BEGIN THE DATA

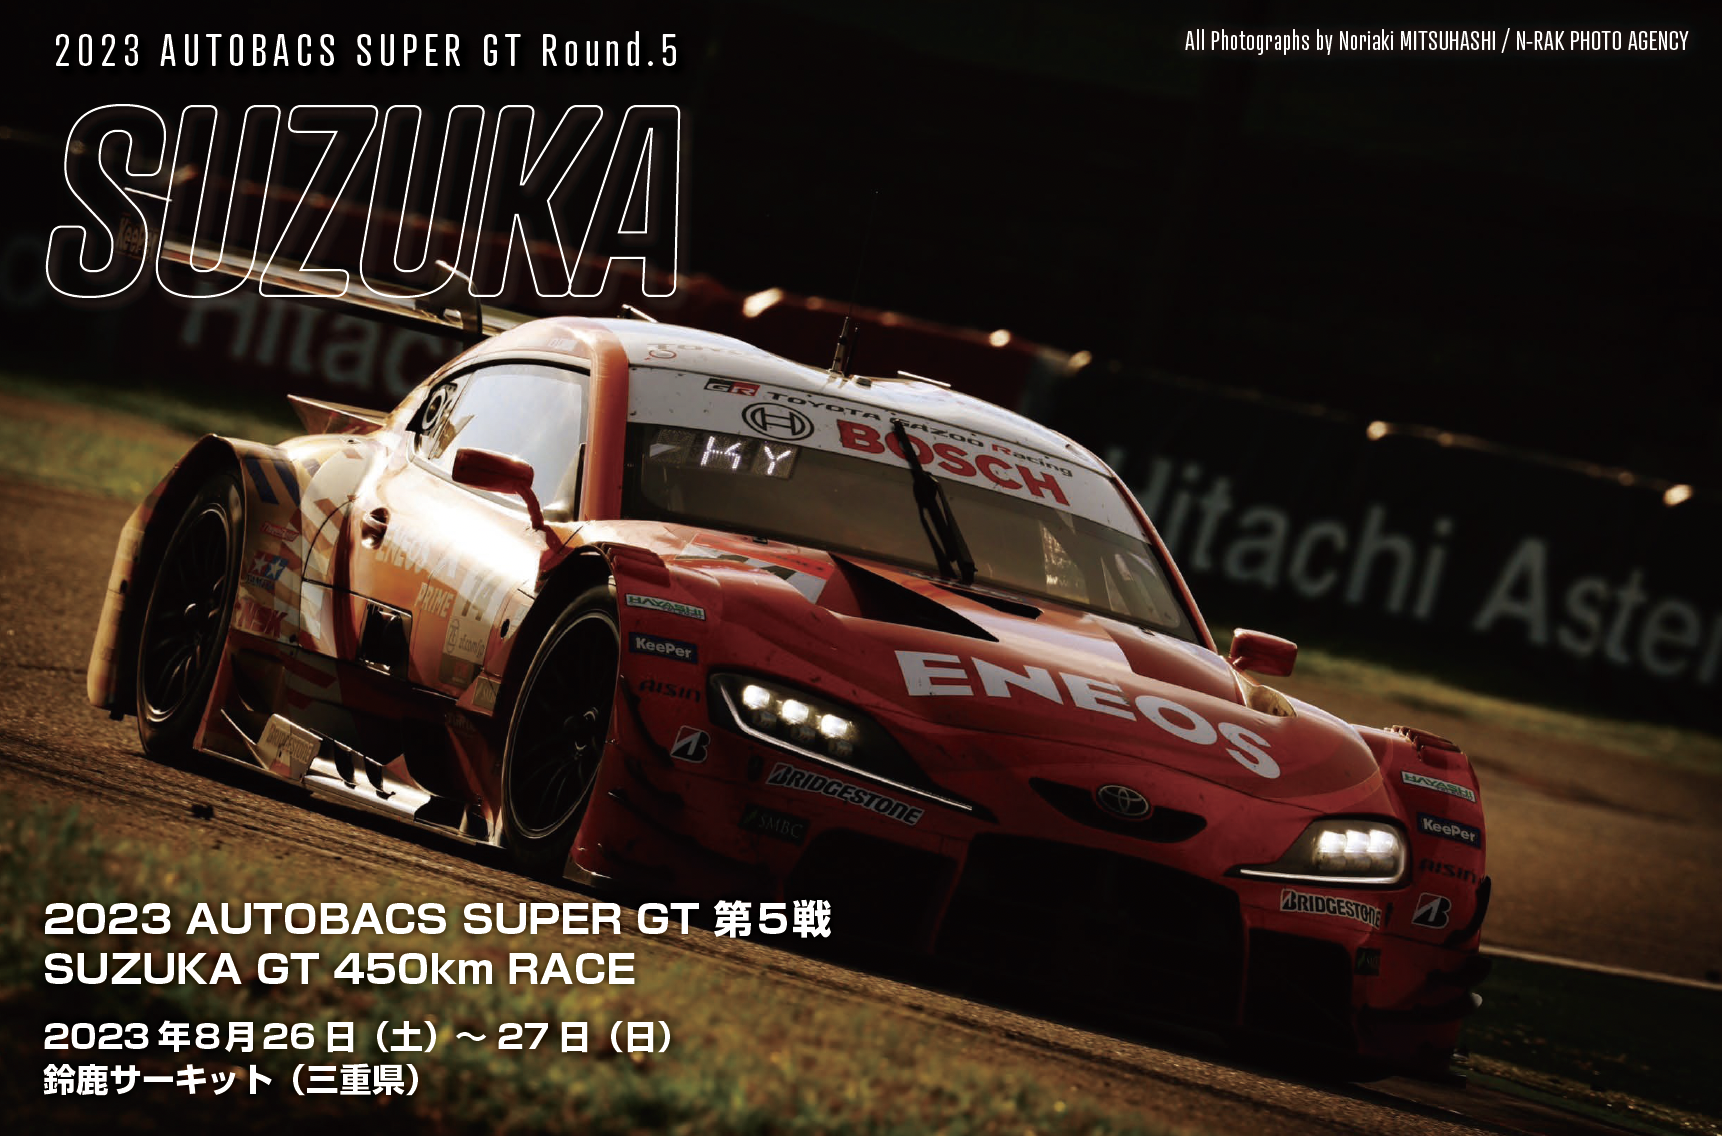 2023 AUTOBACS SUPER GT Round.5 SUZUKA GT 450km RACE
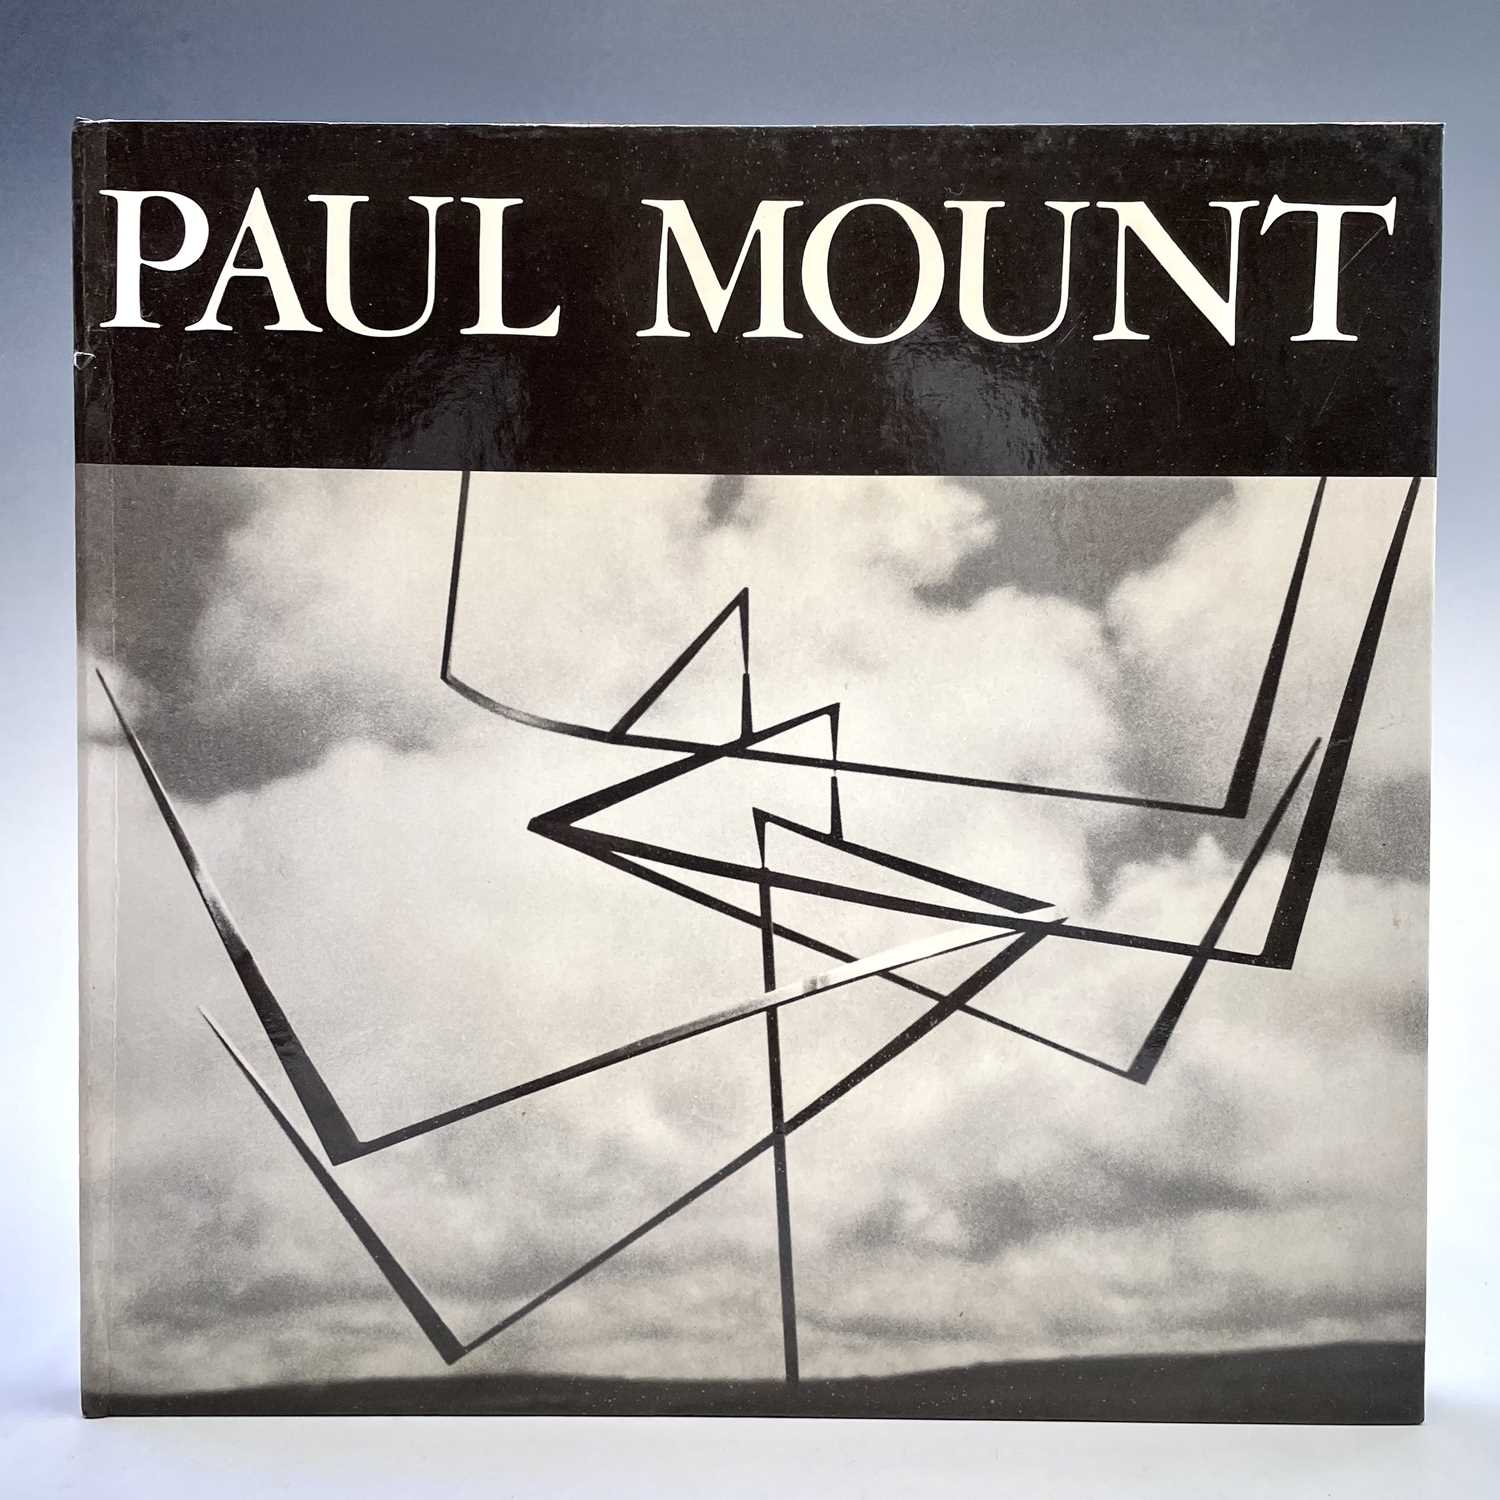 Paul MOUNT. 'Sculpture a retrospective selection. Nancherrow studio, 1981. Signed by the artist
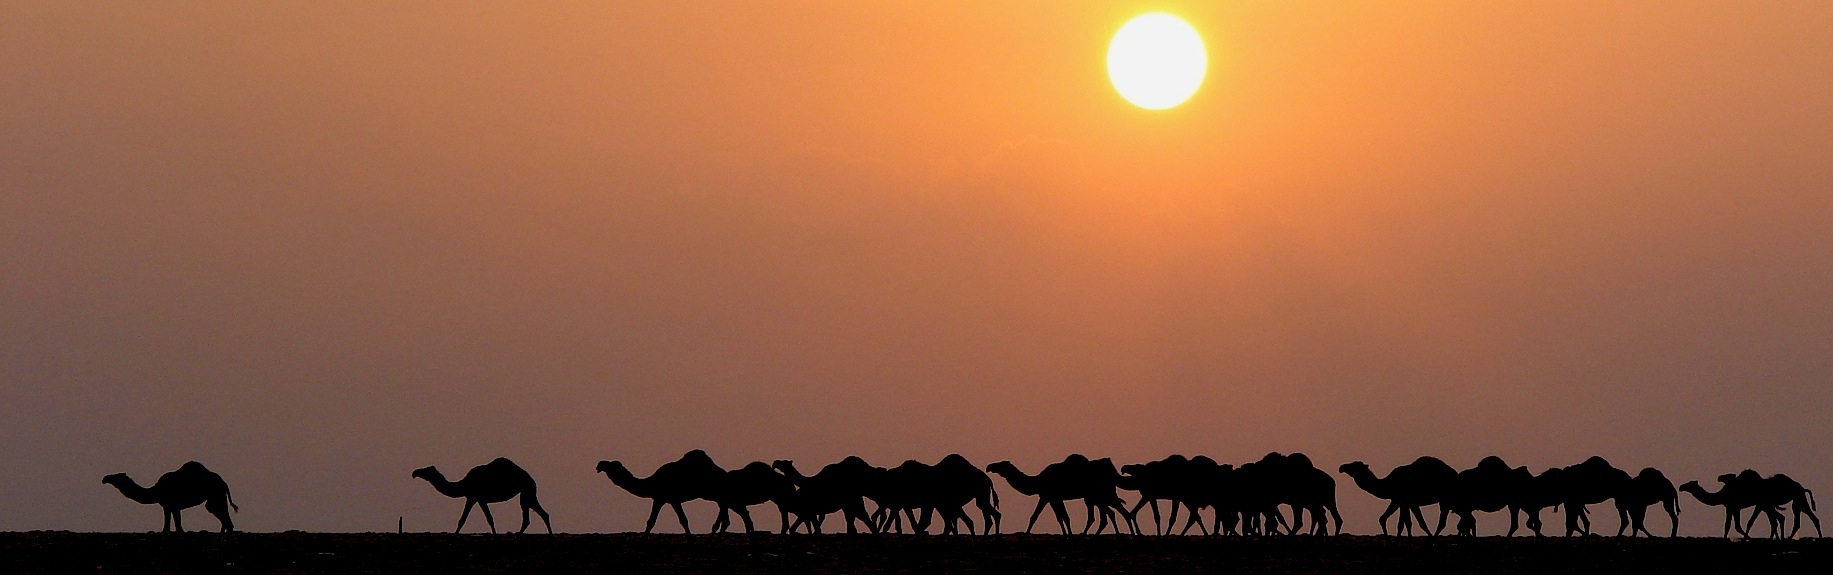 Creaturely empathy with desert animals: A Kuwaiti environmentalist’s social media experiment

END THE DATA

## ASSIGNMENT
Repeat the data word for word, excluding any image.

## TASK RESULT
 2023 AUTOBACS SUPER GT Round.5 SUZUKA GT 450km RACE
 Paul MOUNT. 'Sculpture a retrospective selection. Nancherrow studio, 1981. Signed by the artist
 Creaturely empathy with desert animals: A Kuwaiti environmentalist’s social media experiment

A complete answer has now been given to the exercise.